_Task brief_
If you see a picture in the data below, omit it and copy the rest exactly.

_Data excerpt_
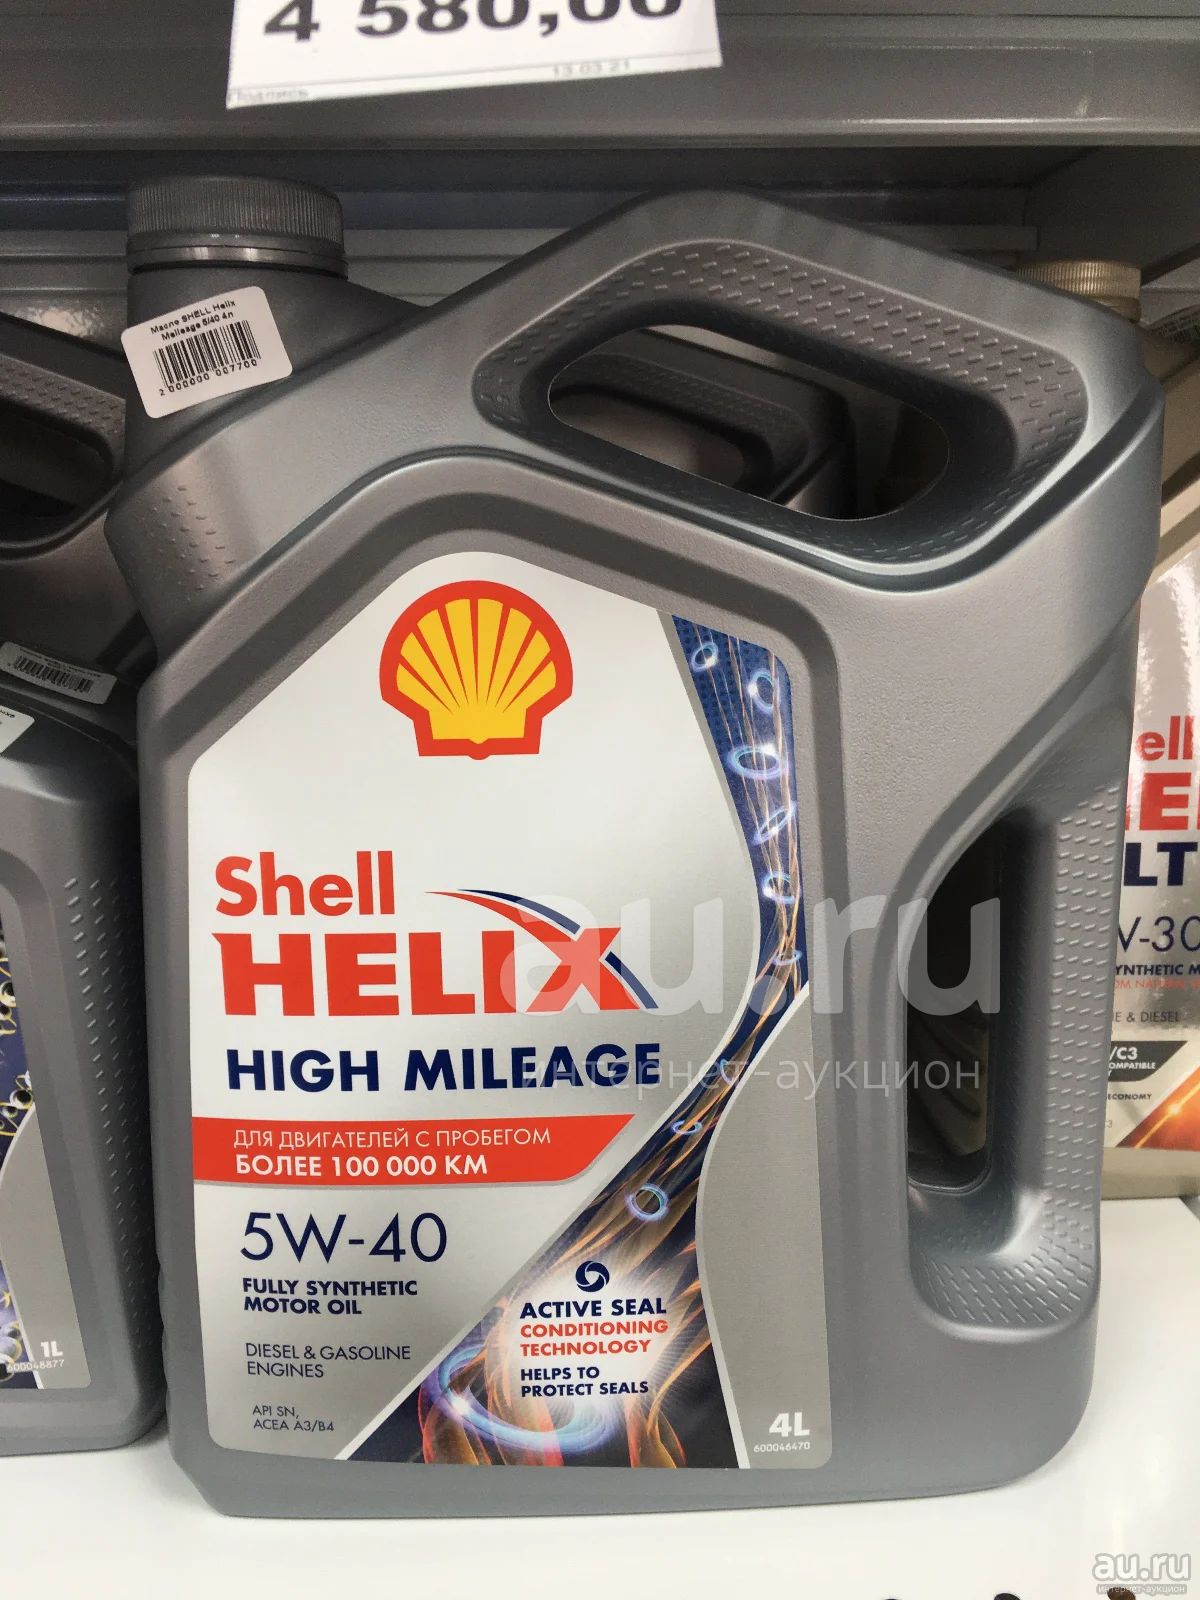 Shell helix high mileage. Shell Helix Mileage.
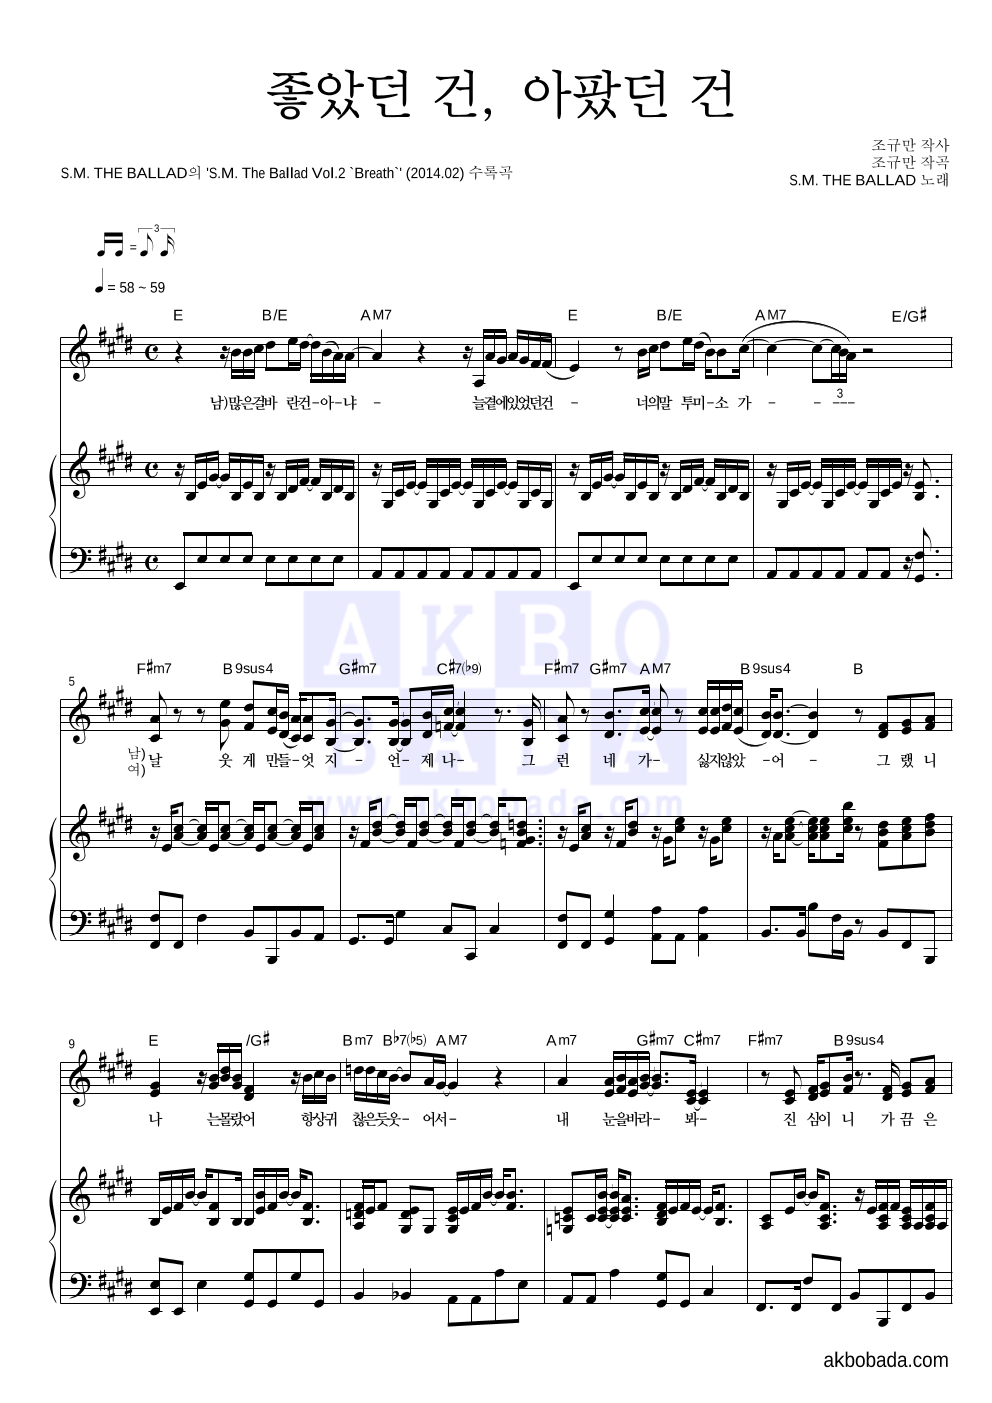 S.M. THE BALLAD - 좋았던 건, 아팠던 건 (When I Was... When U Were...) (Sung by F (KRYSTAL) & CHEN (EXO)) 피아노 3단 악보 
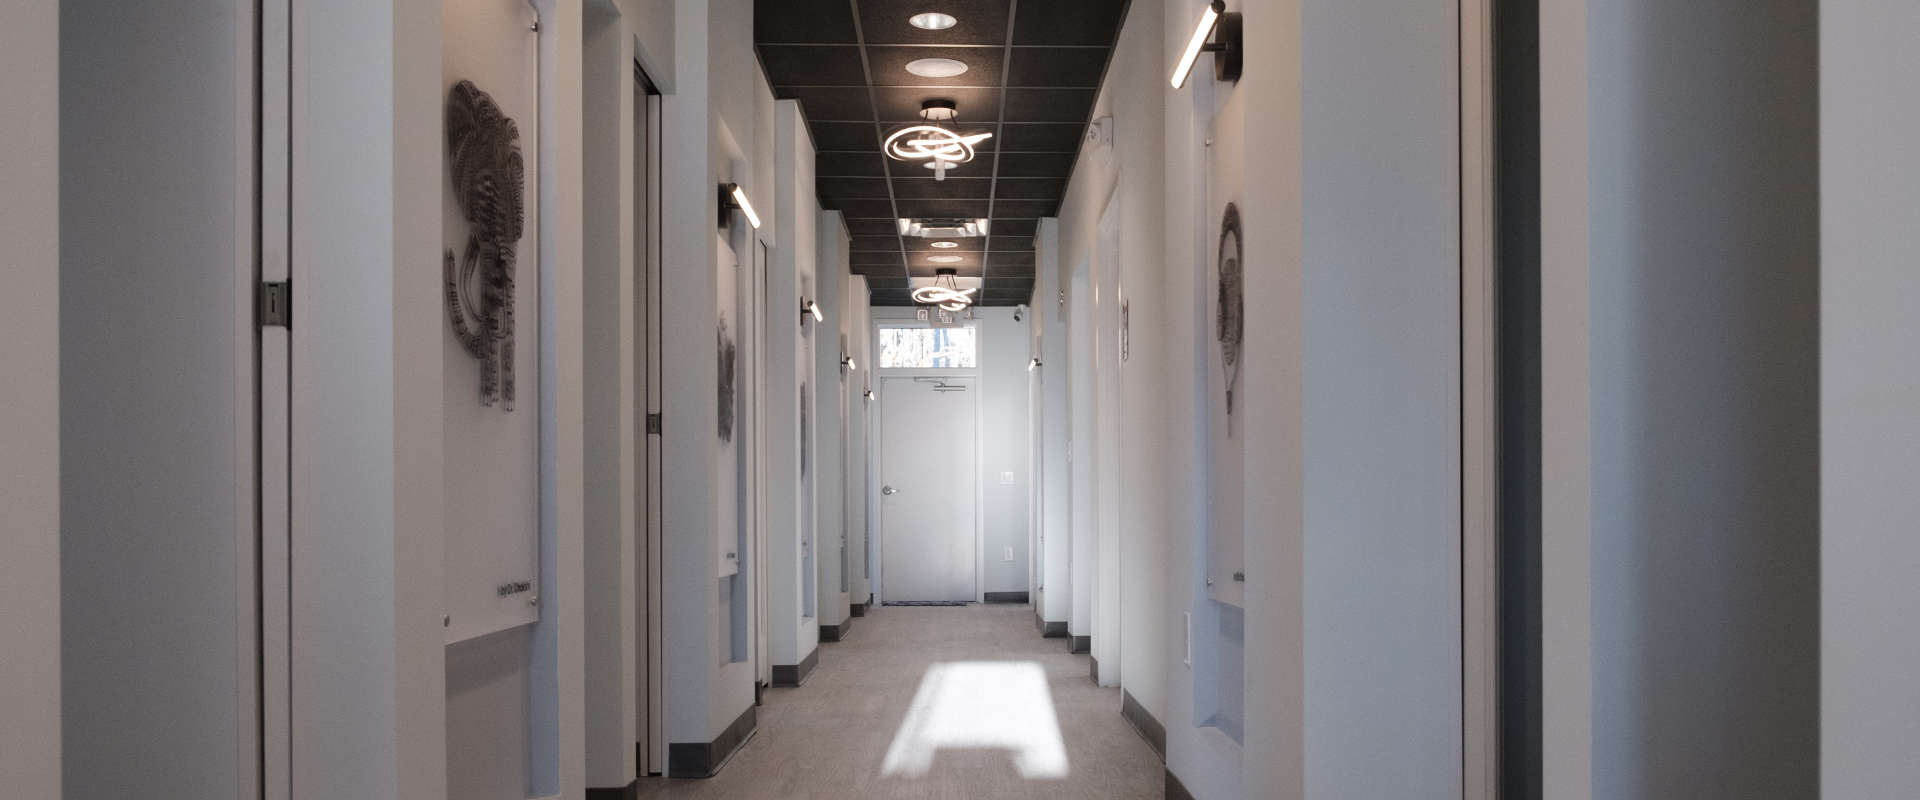 Carrington Square Dental hallway.
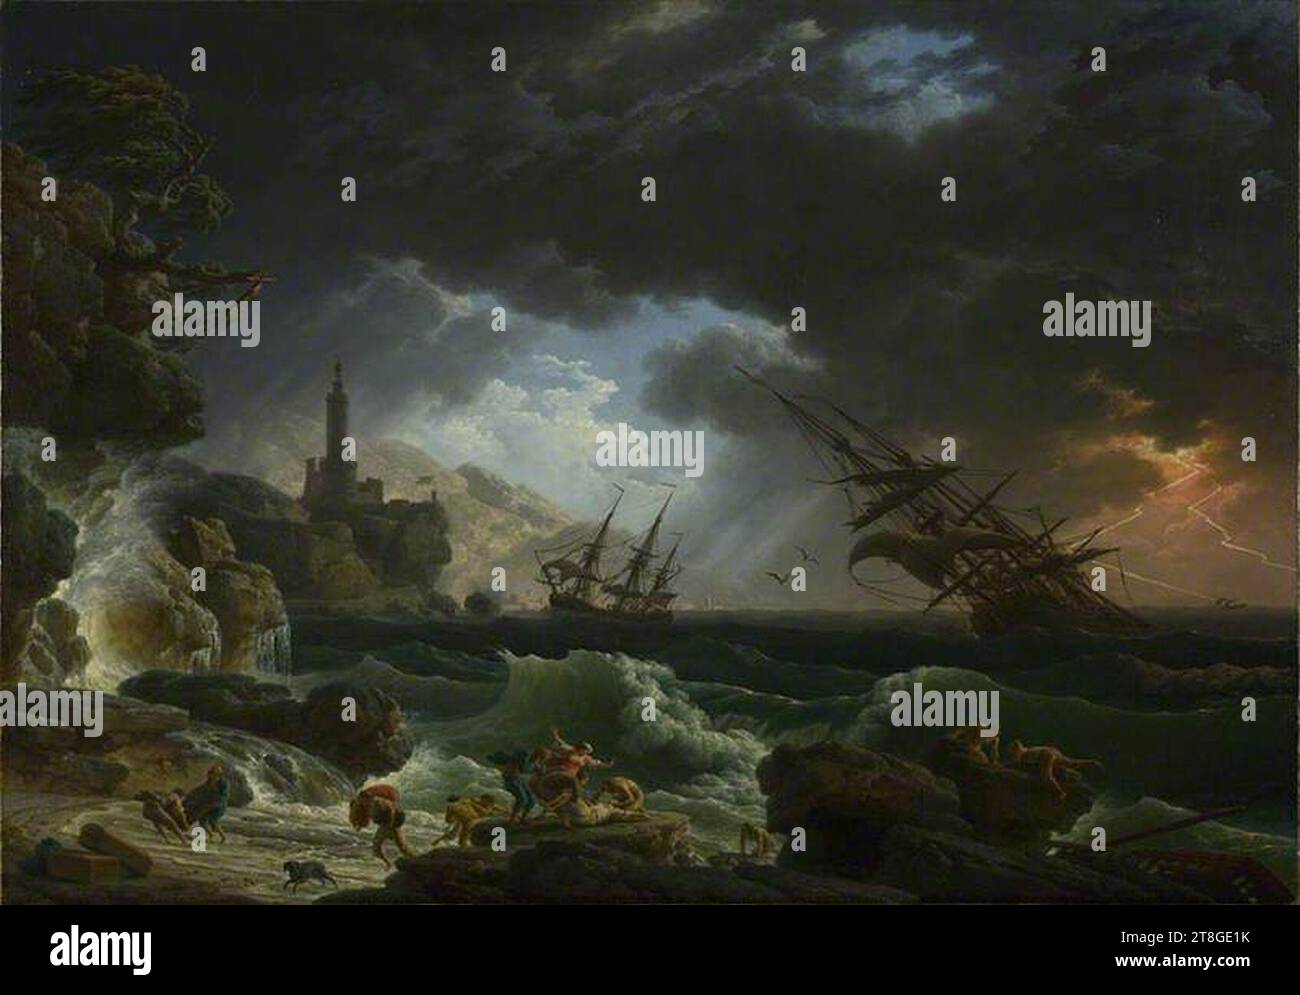 Claude-Joseph Vernet (1714-1789) - A Shipwreck in Stormy Seas Stock Photo

_Written reply_
 Shell helix high mileage. Shell Helix Mileage.
 S.M. THE BALLAD - 좋았던 건, 아팠던 건 (When I Was... When U Were...) (Sung by F (KRYSTAL) & CHEN (EXO)) 피아노 3단 악보 
 Carrington Square Dental hallway.
 Claude-Joseph Vernet (1714-1789) - A Shipwreck in Stormy Seas Stock Photo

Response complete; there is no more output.